Authors: Linwood Barclay
“Oh. But you said—”
“I know what I said. I’m telling you, we struck out.”
“I’m sorry. I guess I got my hopes up. You seemed so sure last time I talked to you. I’m just disappointed is all. There’s coffee there if you want it.”
“Thanks.”
“I still appreciate everything you’re doing for me.”
“It’s okay, Unk.”
“I mean it. I know you get tired of my saying it, but I do. You’re all I got. You’re like the kid I never had, Reggie.”
“Not a kid anymore.”
“No, no—you’re all grown. You grew up fast, and early.”
“Didn’t have much choice. Coffee’s good.”
“I’m just sorry I wasn’t there for you sooner.”
“I’ve never blamed you. You know that. We don’t have to keep going over this. You see me obsessing about this? Huh?

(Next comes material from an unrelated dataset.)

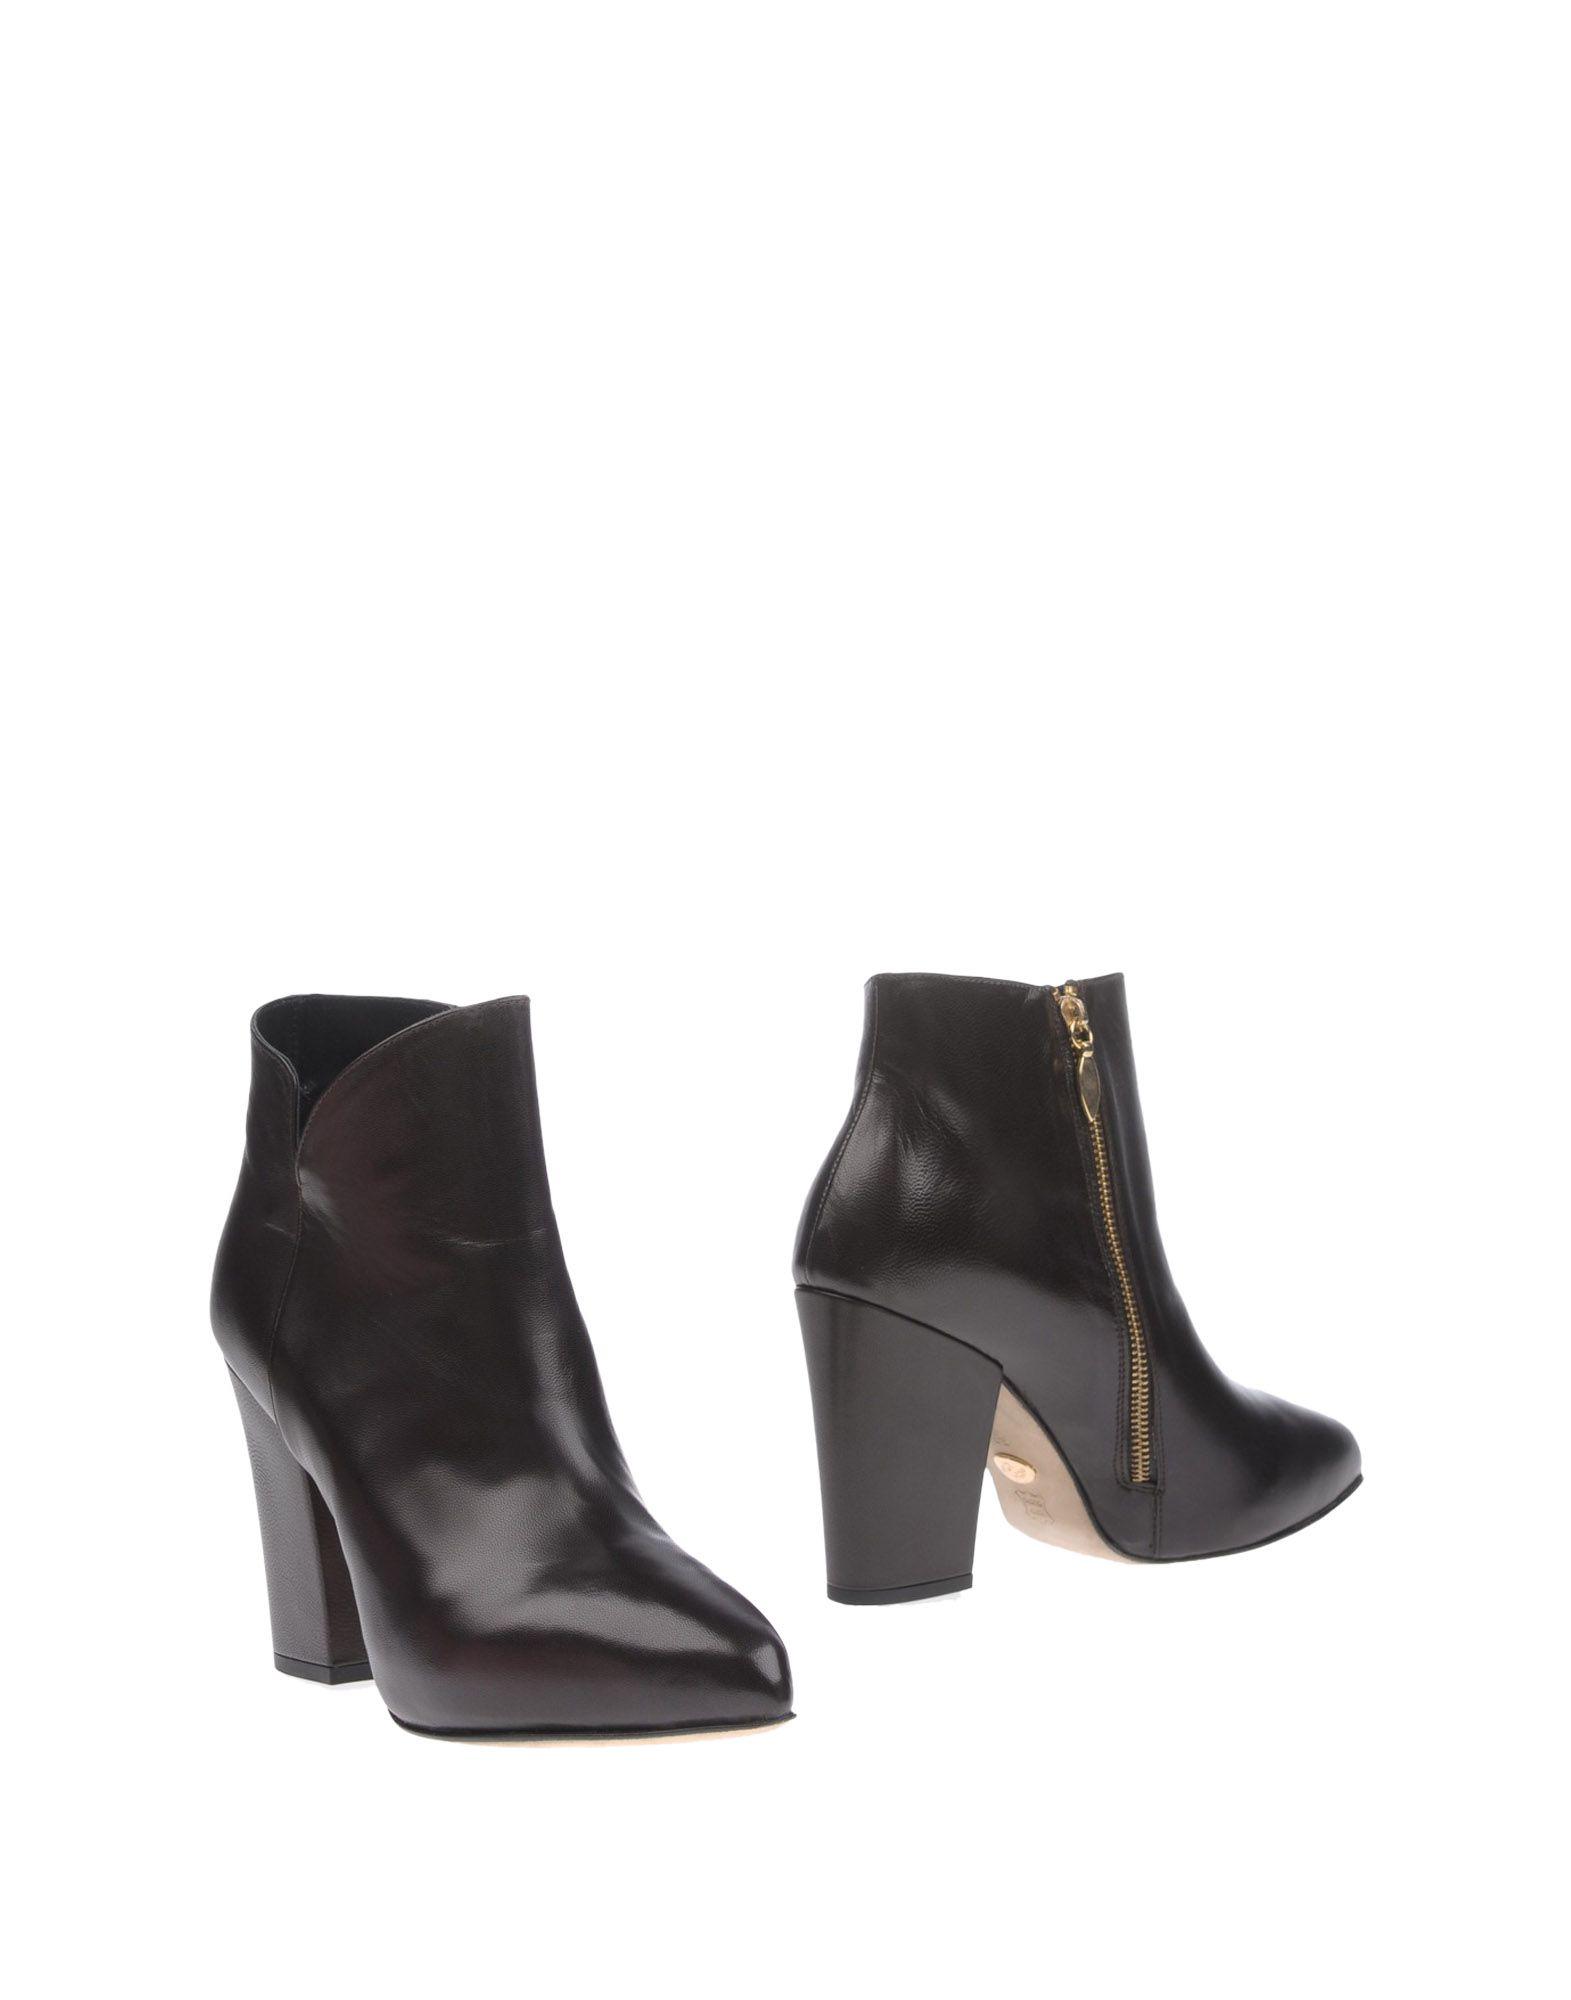 Rêve Damen D'un Jour Stiefelette Damen Rêve  11220878LK Gute Qualität beliebte Schuhe 44851c

And
I’m
the one it all happened to. So if I can move on, you should be able to, too.”
“It’s hard for me.”
“You live in the past. That’s your problem, Unk. God, that’s what all this latest shit has been about. You have a hard time getting over things.”
“I … I was just hoping you’d found her.”
“I’m not giving up.”
“But I can see it in your face. You think this is all stupid. You think it doesn’t matter.”
“I didn’t say that. Not the last part. Look, I get why this is important to you, why she matters so much. And you’re important to me. You’re one of only two people I give a shit about, Unk.”
“You know what I can’t figure out about you?”
“What’s that?”
“You understand people, you get how they think and how they feel, you’ve got a real insight into them, yet you’ve got no … what’s the word?”
“Love?”
“No, that’s not what I was going to say.”
“Empathy?”
“Yeah, I guess that’s it.”
“Because I love you, Unk. Very much. But empathy? I suppose. I understand what makes people tick. I know what they’re feeling. I need to know what they’re feeling. I need to know when they’re afraid. I very much need to feel that they
are
afraid, but I don’t feel bad for them. Otherwise, I couldn’t get things done.”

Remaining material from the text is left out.